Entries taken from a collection
________________________
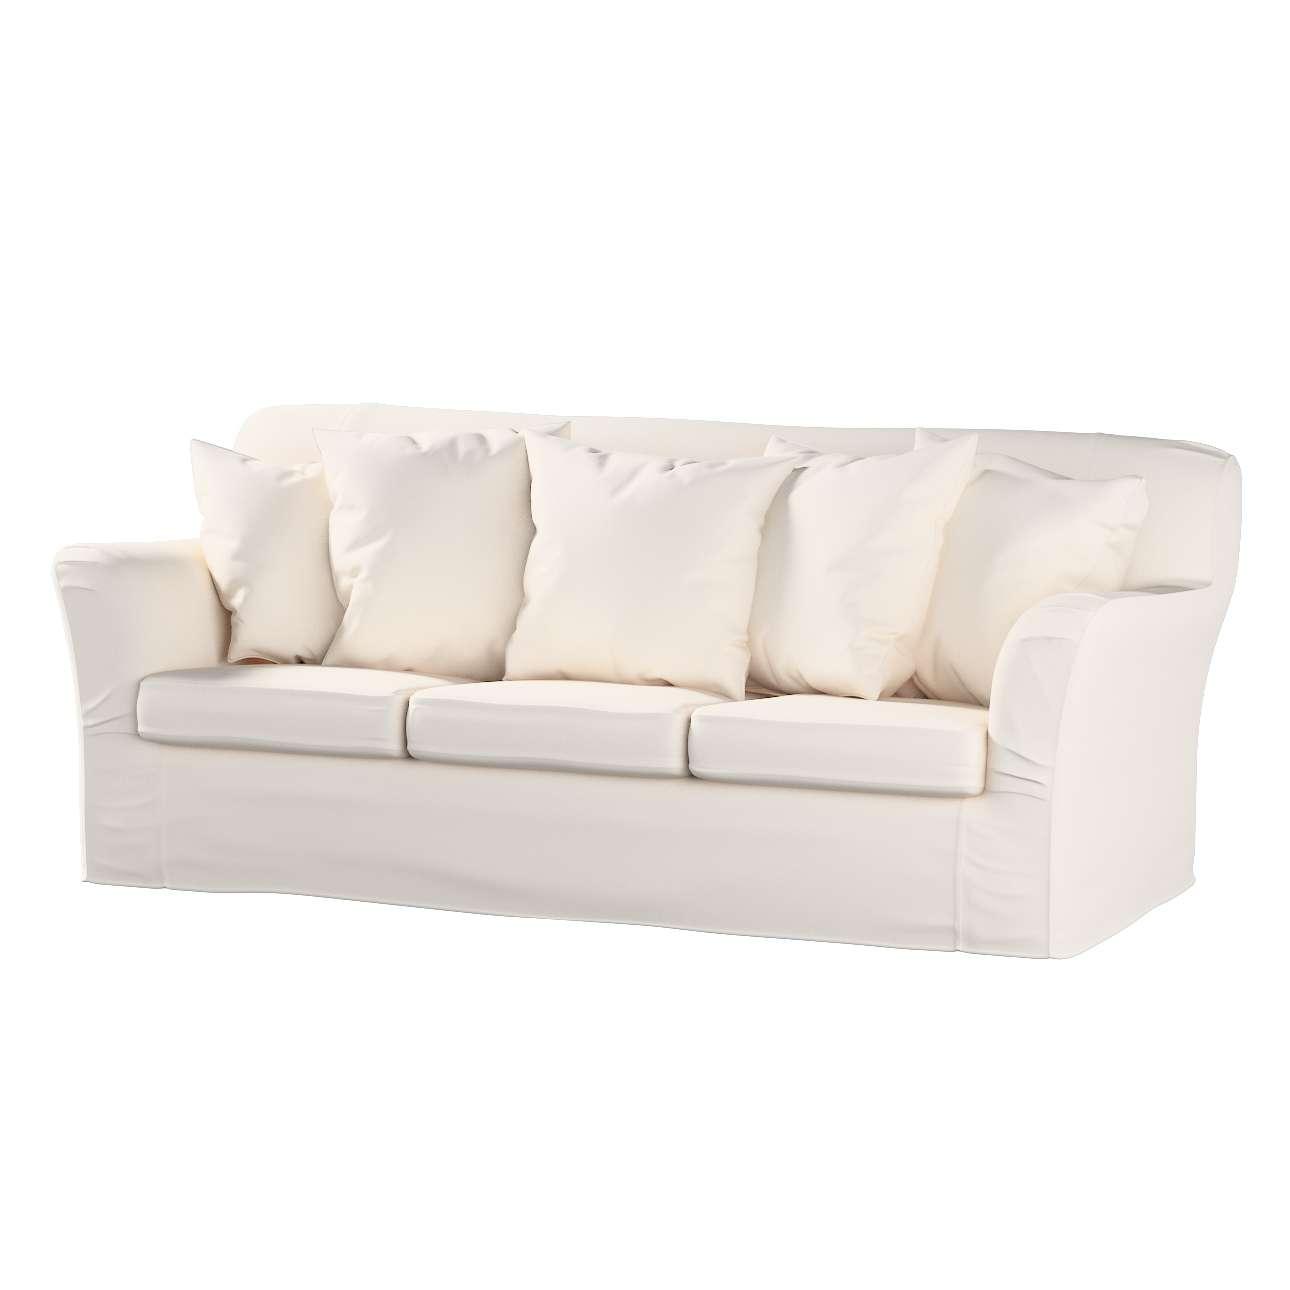 tomelilla bezug f r das sofa im online shop. Black Bedroom Furniture Sets. Home Design Ideas
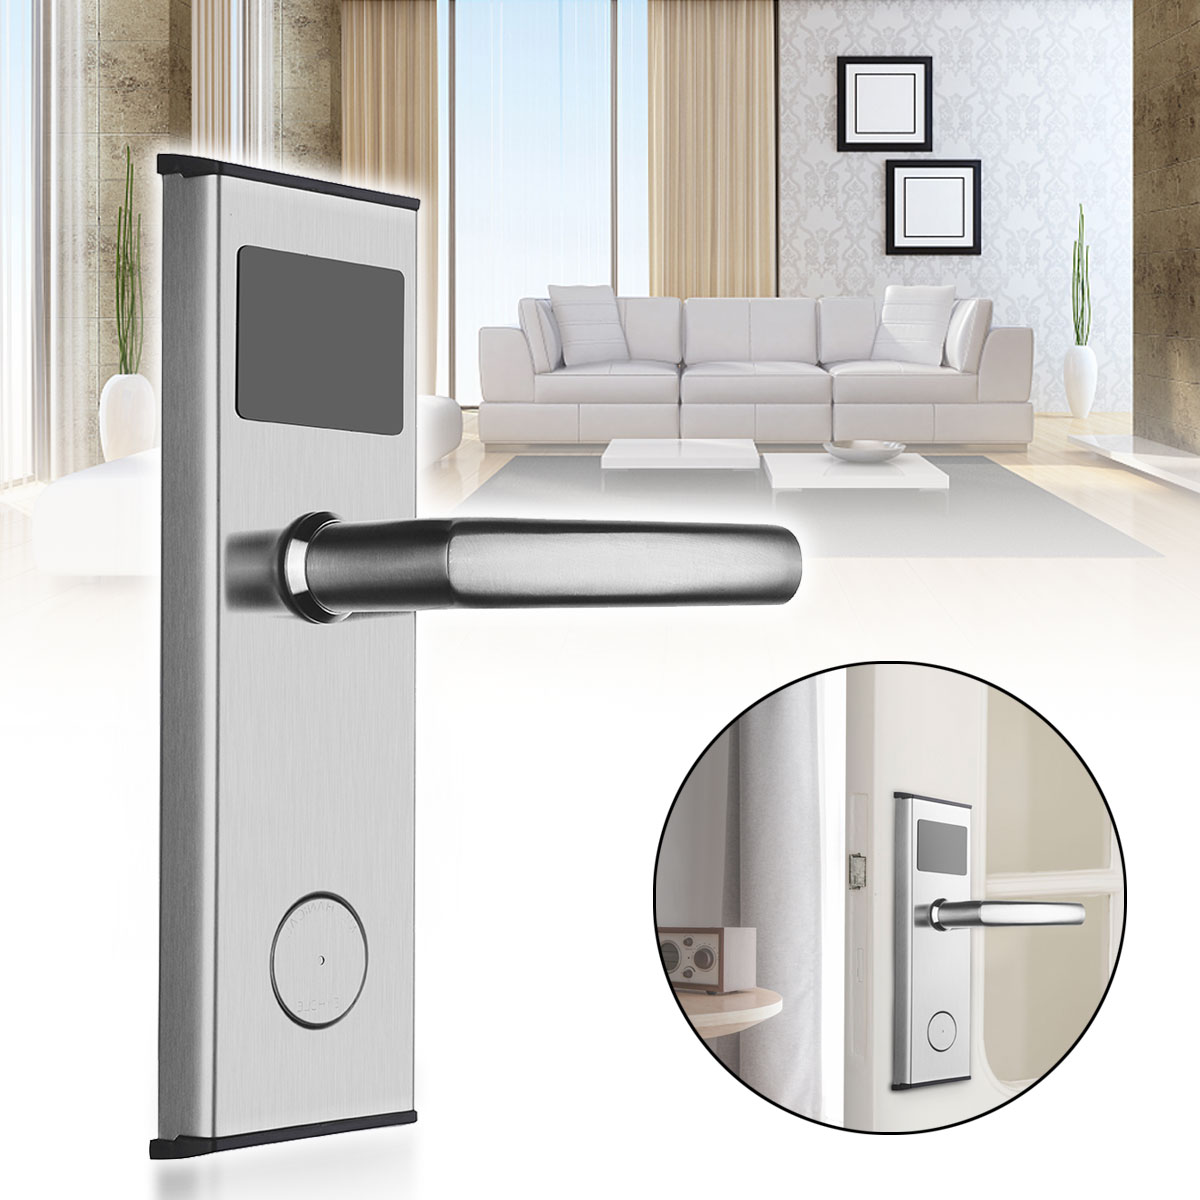 Safurance Digital Card Lock Security Stainless Steel Intelligent RFID Digital Card Key Unlock Hotel Door Lock System Door Locks
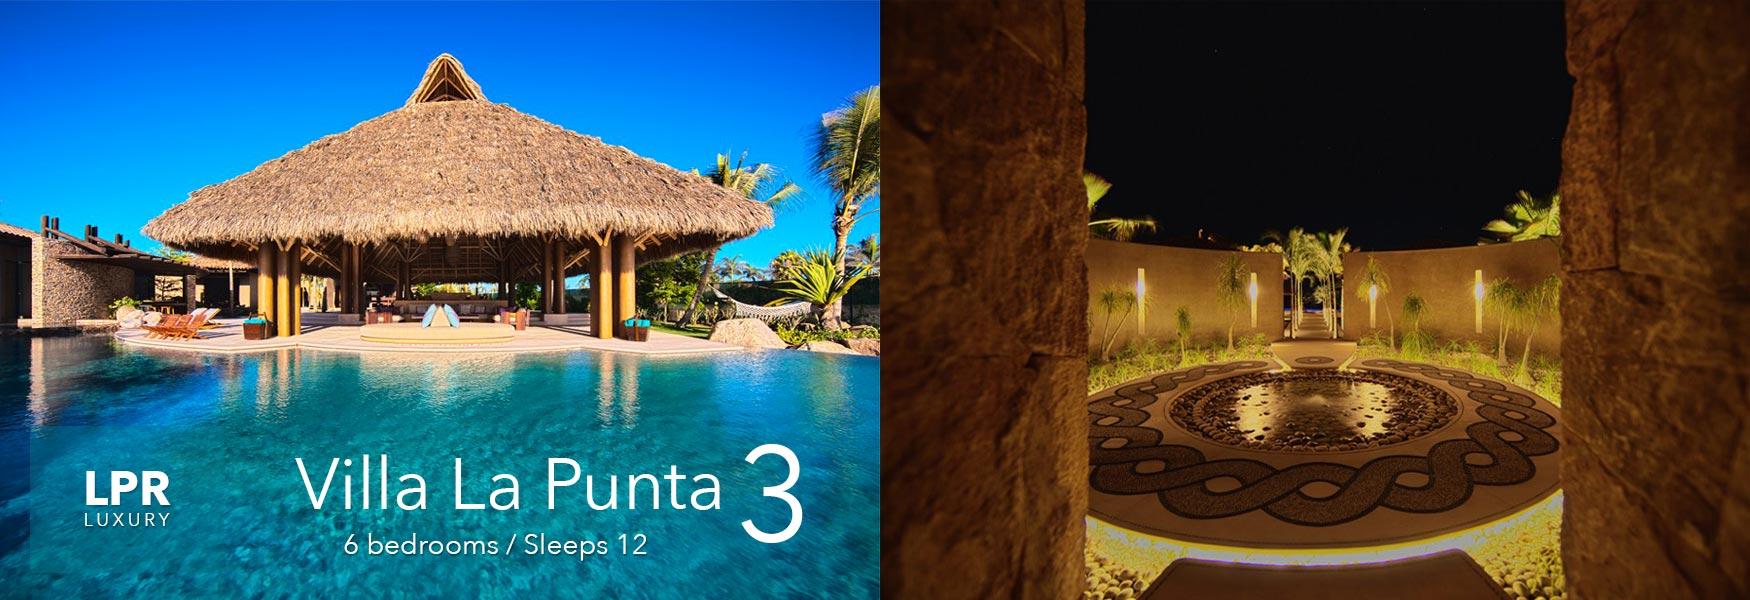 Villa La Punta 3 - Punta Mita Resort - Riviera Nayarit, Mexico
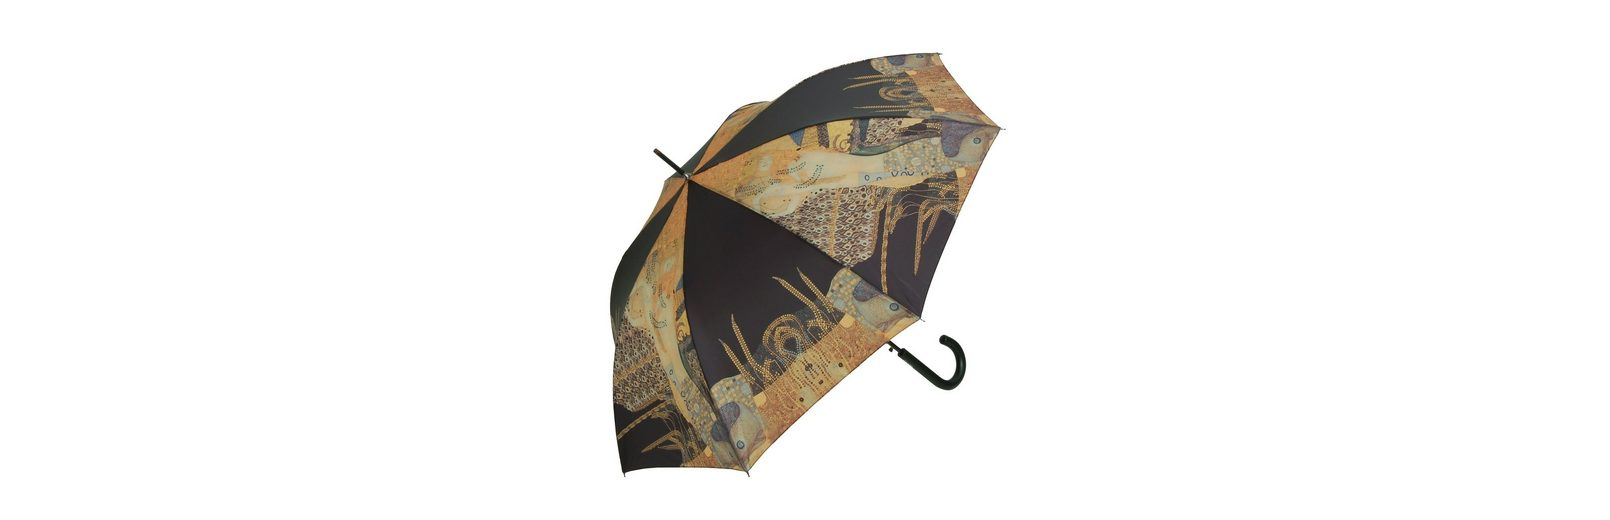 Doppler Regenschirm, »Langschirm Wasserschlangen«
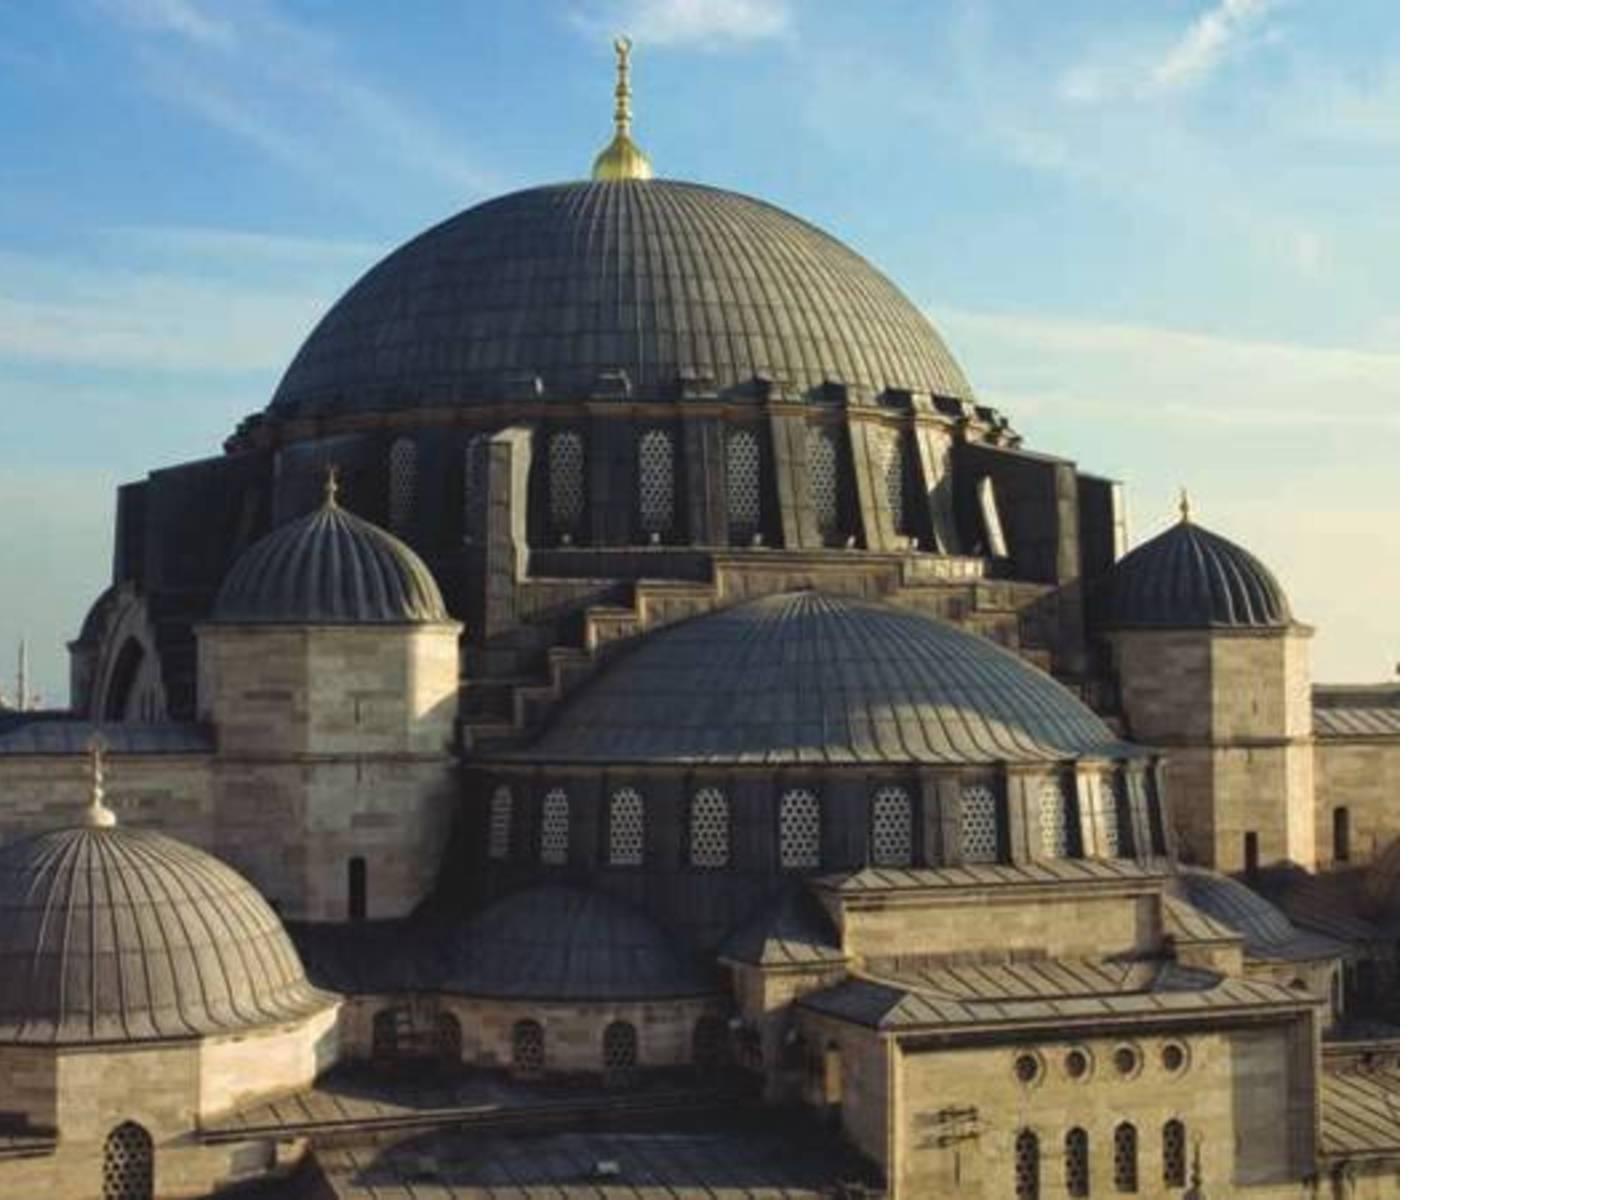 Mimar Sinan The Architect - ROME
________________________
YOUR ASSIGNMENT:
Set down the records again exactly as they appear, leaving each picture behind.

EXERCISE OUTPUT:
 tomelilla bezug f r das sofa im online shop. Black Bedroom Furniture Sets. Home Design Ideas
 Safurance Digital Card Lock Security Stainless Steel Intelligent RFID Digital Card Key Unlock Hotel Door Lock System Door Locks
 Villa La Punta 3 - Punta Mita Resort - Riviera Nayarit, Mexico
 Doppler Regenschirm, »Langschirm Wasserschlangen«
 Mimar Sinan The Architect - ROME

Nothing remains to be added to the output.